Ken Burns’s World War Z?
In 2003, Max Brooks published the New York Times bestseller Zombie Survival Guide and subsequently followed it up with World War Z in 2006. In June 2011, filming began of an adaptation of World War Z‘s epic zombie story, and it’s been nothing but trouble ever since. The shoot was plagued by humiliations, release delays, reshoots, rewrites, criticized CGI, and fan complaints about how the movie’s story bears little resemblance to the novel’s. The story is currently more about one man’s race against time to save the world than about surviving a plague or zombies, which fans couldn’t help but find less intriguing than the book even though the movie stars Brad Pitt.
Also working against the project as it stands is that in the time between 2006 and 2013, there was plenty of time for the zombie market to get saturated as hell and for the sight of a wave of the reanimated either shuffling or running at people to become tired.

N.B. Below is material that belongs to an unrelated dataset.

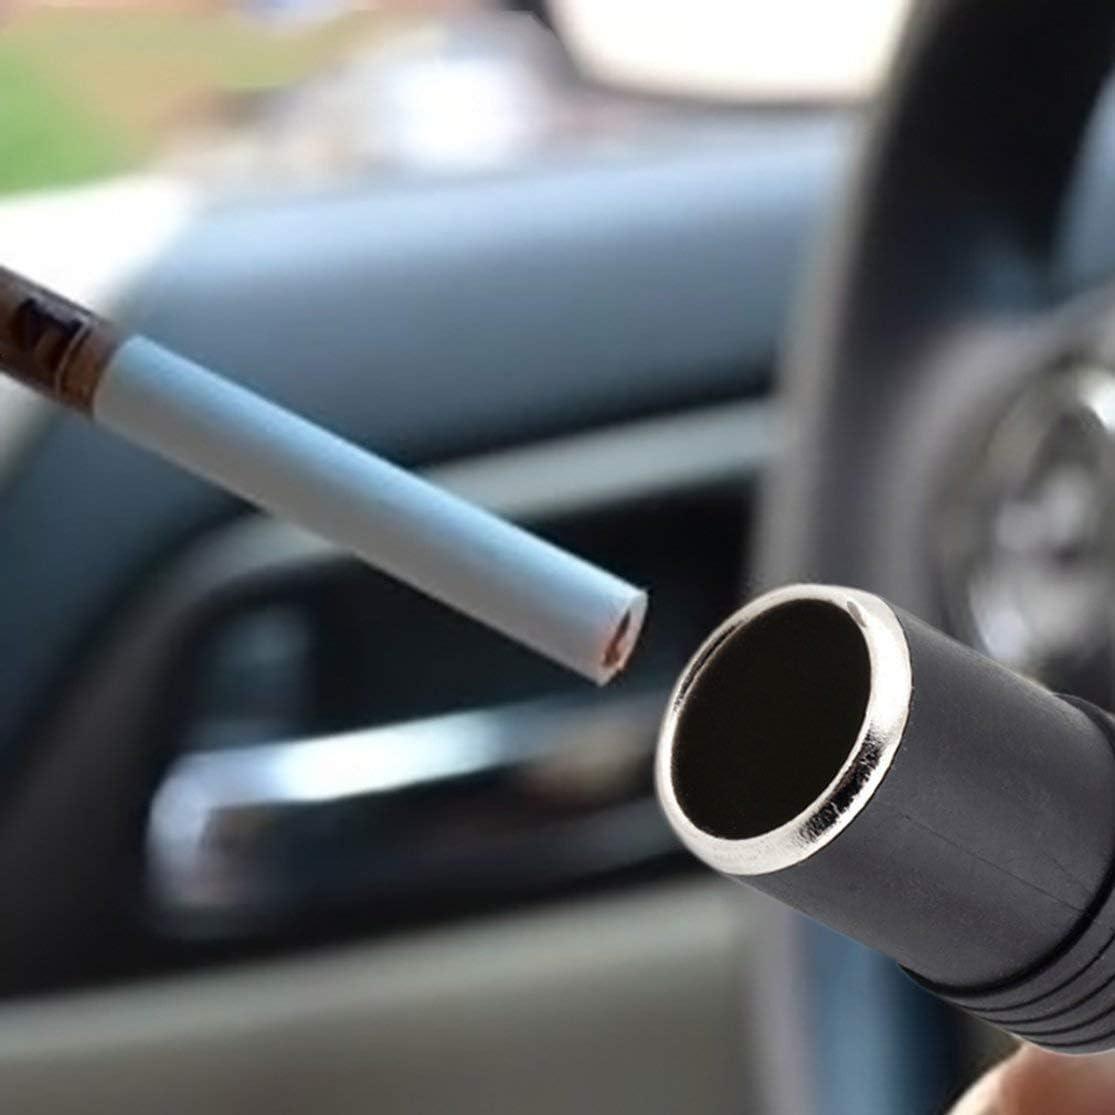 24 V Buchse Color:Black Universal DC Weibliche Auto Fahrzeuge Zigarettenanz/ünder Verl/ängerung Steckverbinder Netzteil Kabel 12 V

It’s not just numerous straight zombie stories like 28 Weeks Later, the Rec series and the Resident Evil one, the games Day Z and Dead Island, the TV series The Walking Dead, etc. They’ve been deconstructed and parodied with films like Zombieland, Warm Bodies, or Cabin in The Woods, seemingly the public’s way of saying that they’re a bit sick of the genre.
This unpleasant situation could have been avoided with a very simple tactic: actually adapting the story as it’s laid out in the book. World War Z isn’t an action book: it’s a collection of interviews from survivors of the apocalypse of the undead. Because of the extreme diversity of persons involved, numerous perspectives of the type not often seen in this sort of story are presented, such as Chinese civilians, American mercenaries, Russian soldiers, etc. Better still is that it allowed just enough realistic flavor to get into the story that it became more believable without becoming boring or making the absurdity of reanimated corpses ending civilization as we know it overbearing. This is the reason why even literary critics clearly contemptuous of the genre referred to it as “smarter than it has any right to be.”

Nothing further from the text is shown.